News : Human rights
- Published: Friday, 20 March 2020
In parallel with the rapid spread of the coronavirus in Iran and the climbing mortality figures, the lives of prisoners, particularly political ones, are at serious risk.
Notably, in November, the Iranian regime has killed at least 1,500 protesters in public and arrested more than 12,000 others according to dissident reports. Detainees were immediately exposed to torture and ill-treatment by the Revolutionary Guards (IRGC) and the Ministry of Intelligence and Security (MOIS) agents for forced confession. Many tortured arrestees also lost their lives due to the excessive use of violence by interrogators.
However, the remaining jailed protesters are going through dire conditions and suffering from the lack of essential items including health and disinfectant goods. Prison guards announced that prisoners’ families should provide health items and prison management won’t give them any health goods. Remarkably, reports say that several prisoners including political prisoners have been infected with COVID-19 in different prisons across the country and some of them have died.
In this context, two protesters, who are held in the Greater Tehran Central Penitentiary, recently explained the prison’s conditions in two separate letters. Soheil Alipanah, 20, and Abolfazl Karimi, 18, were arrested during the November protests. Here’s what they wrote.
Soheil Alipanah Hailed All Freedom-Loving People, Writing…
“This is Soheil Alipanah, a 20-year-old youth. Before going to jail, I was a third-semester accounting student. I lived in Tehran’s slum, Andisheh town, and now I carry the voice of myself and my partners from behind bars of the Greater Tehran Prison.
“We came to the streets in protest to the dire economic conditions, high-prices, and weak function of the [Hassan] Rouhani administration and of course the entire religious tyranny.
“[Security forces] viciously opened fire on protesters and killed many of us, and they have buried us alive in this mass grave.
“We tolerated various types of torture since our arrest, however, seeing the injustice instances is more painful than physical torture such as getting hit with electric shockers or batons.
“I witnessed with my own eyes that [the regime] has freed looters, drug dealers, embezzlers, corrupt people, and real criminals, or given them furloughs or other privileges.

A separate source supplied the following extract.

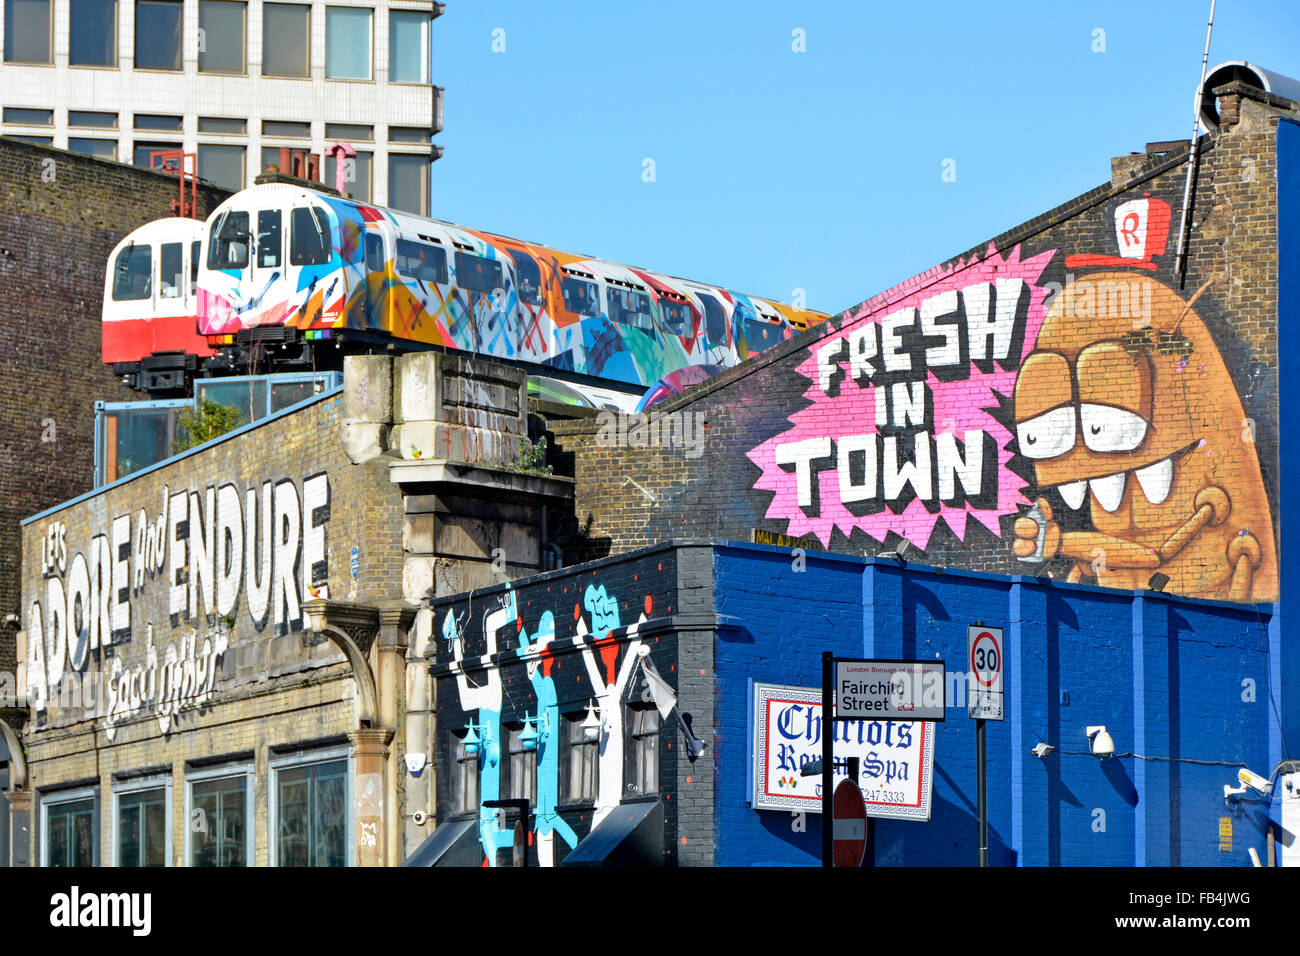 Recycling train carriages as artists studios on top old railway viaduct walls used for arty graffiti village underground Shoreditch London England UK Stock Photo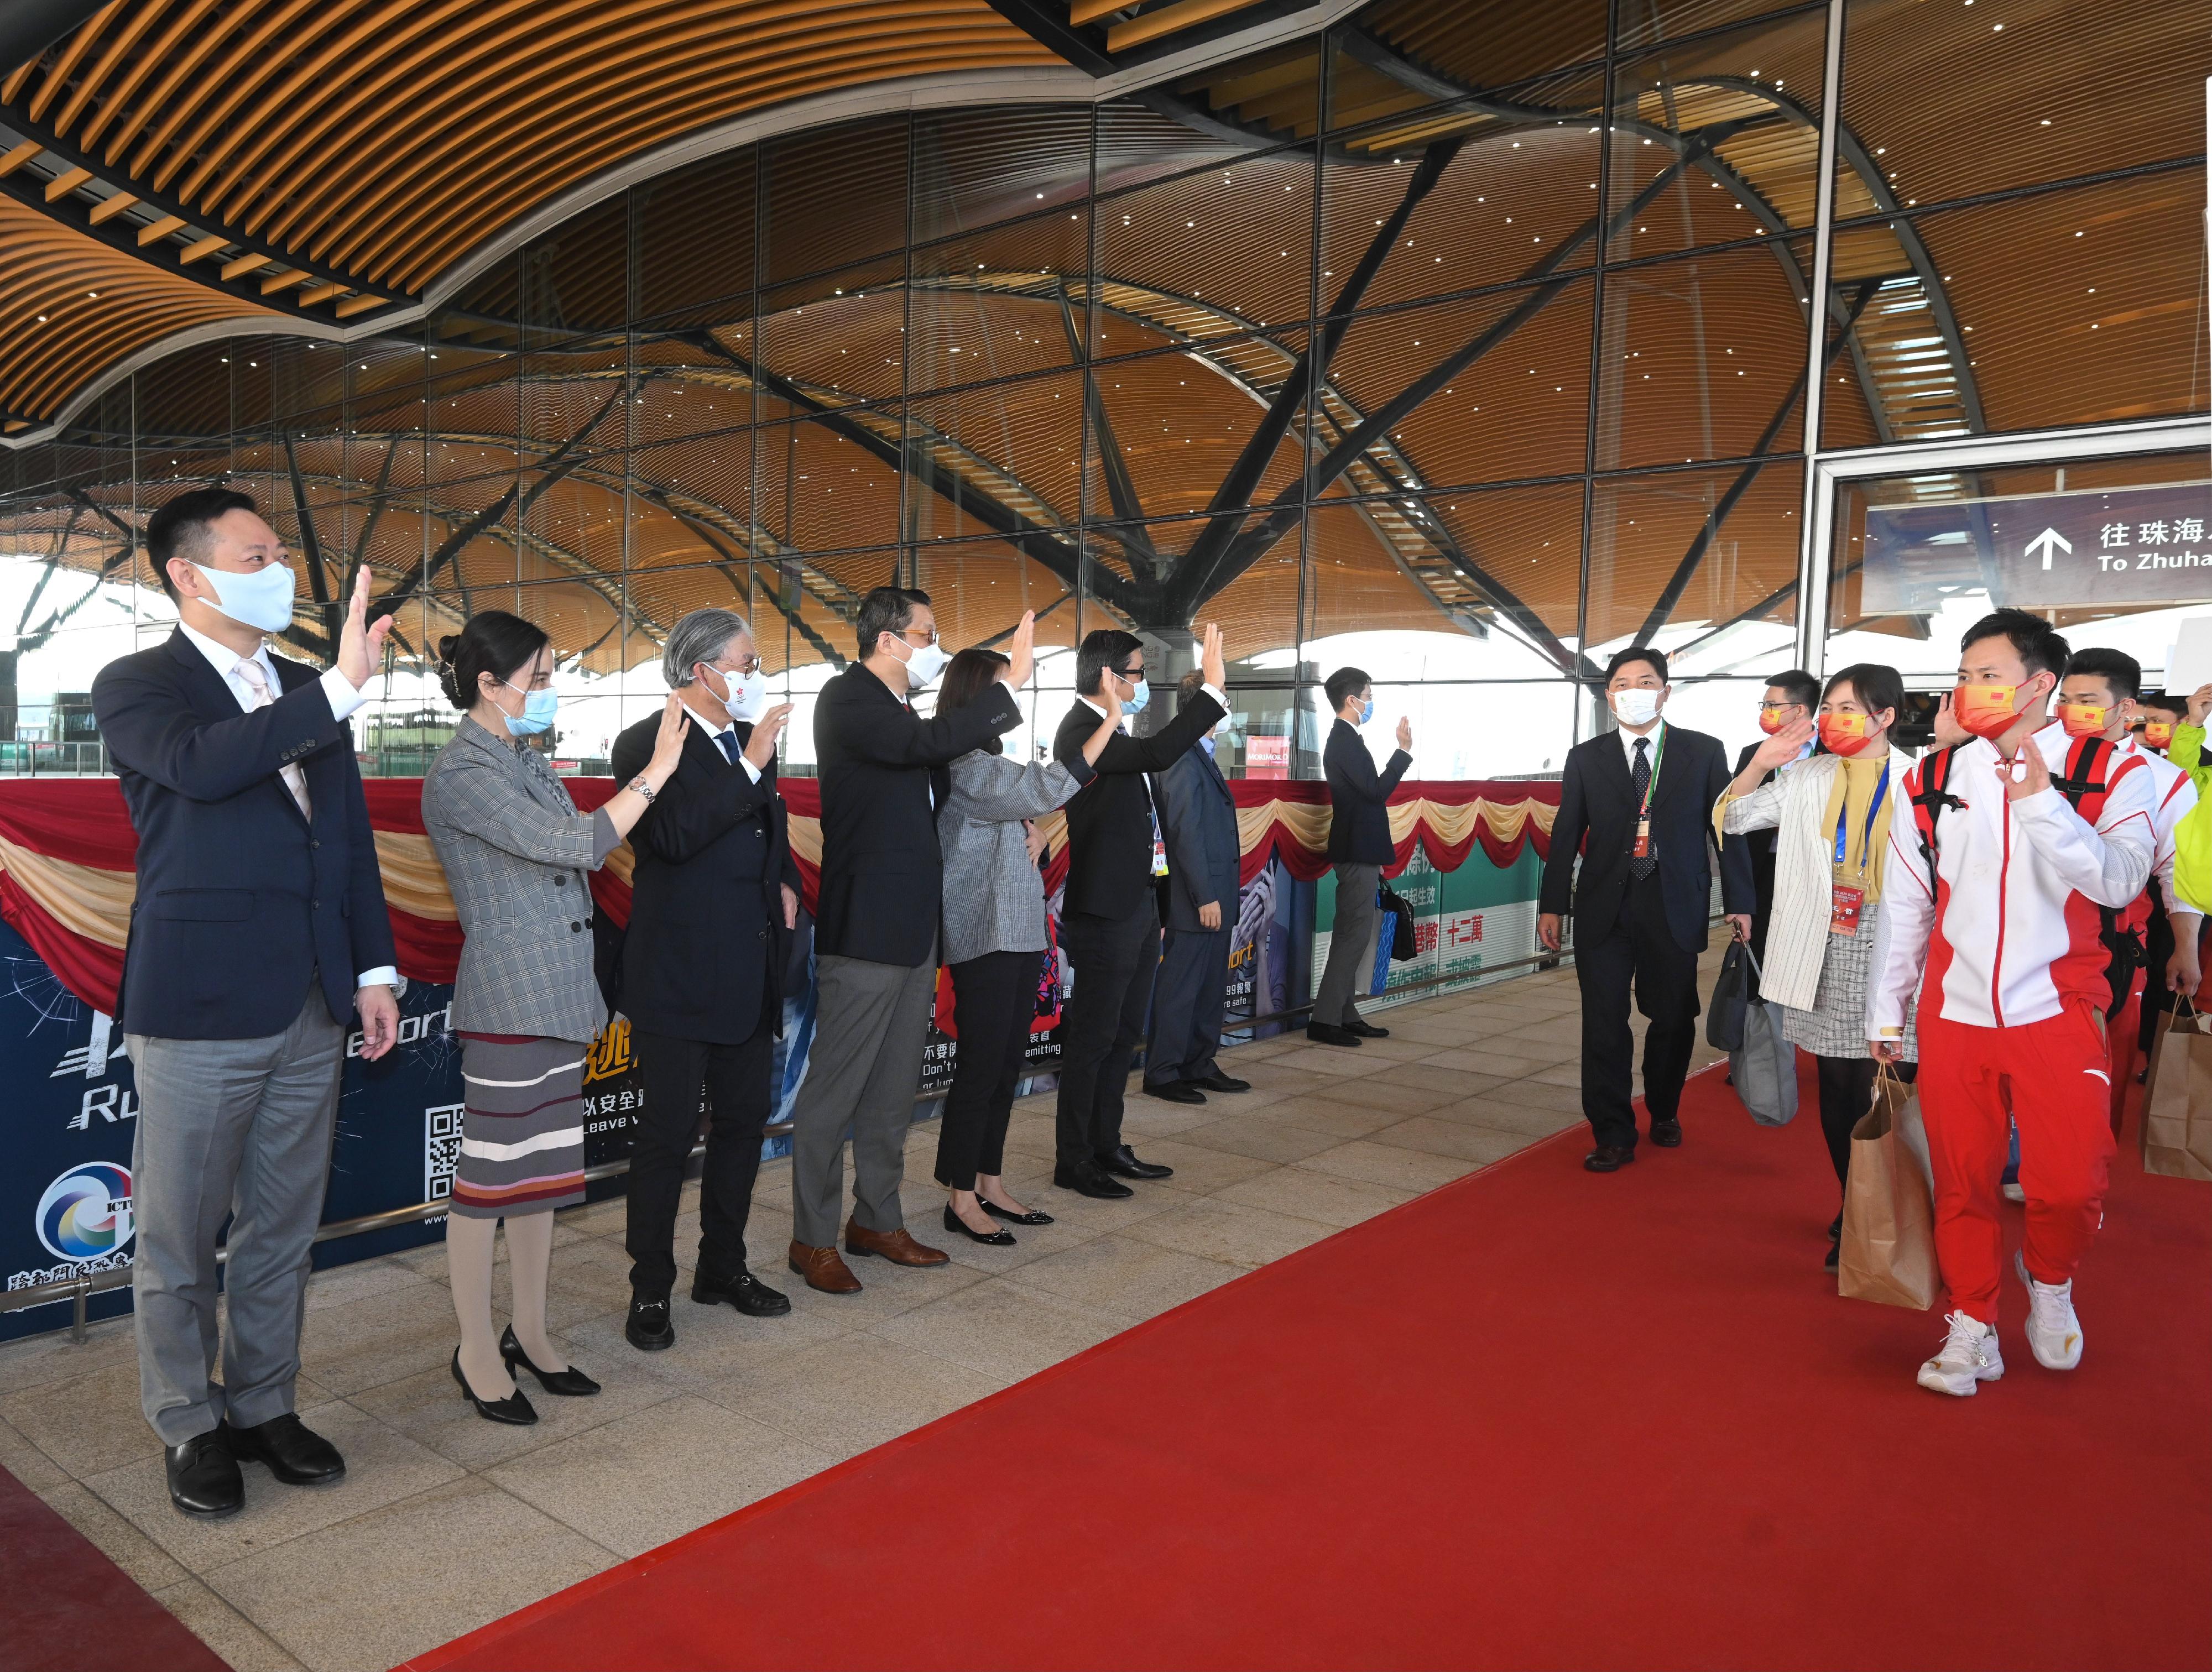 The Tokyo 2020 Olympic Games Mainland Olympians Delegation today (December 5) concluded visit in Hong Kong. Photo shows the Secretary for Home Affairs, Mr Caspar Tsui (first left) waving goodbye to the Delegation.

However, remaining in jail are prisoners like me, who would have to work since beginning our teenage era, nightly educated, and now are deprived of continuing our education.
“Political prisoners are sentenced to death without having touched a weapon or harmed anyone. We just protested injustice and shouted, ‘It is not our right to be burnt in this hell,’ and ‘It is not our right to be buried alive.’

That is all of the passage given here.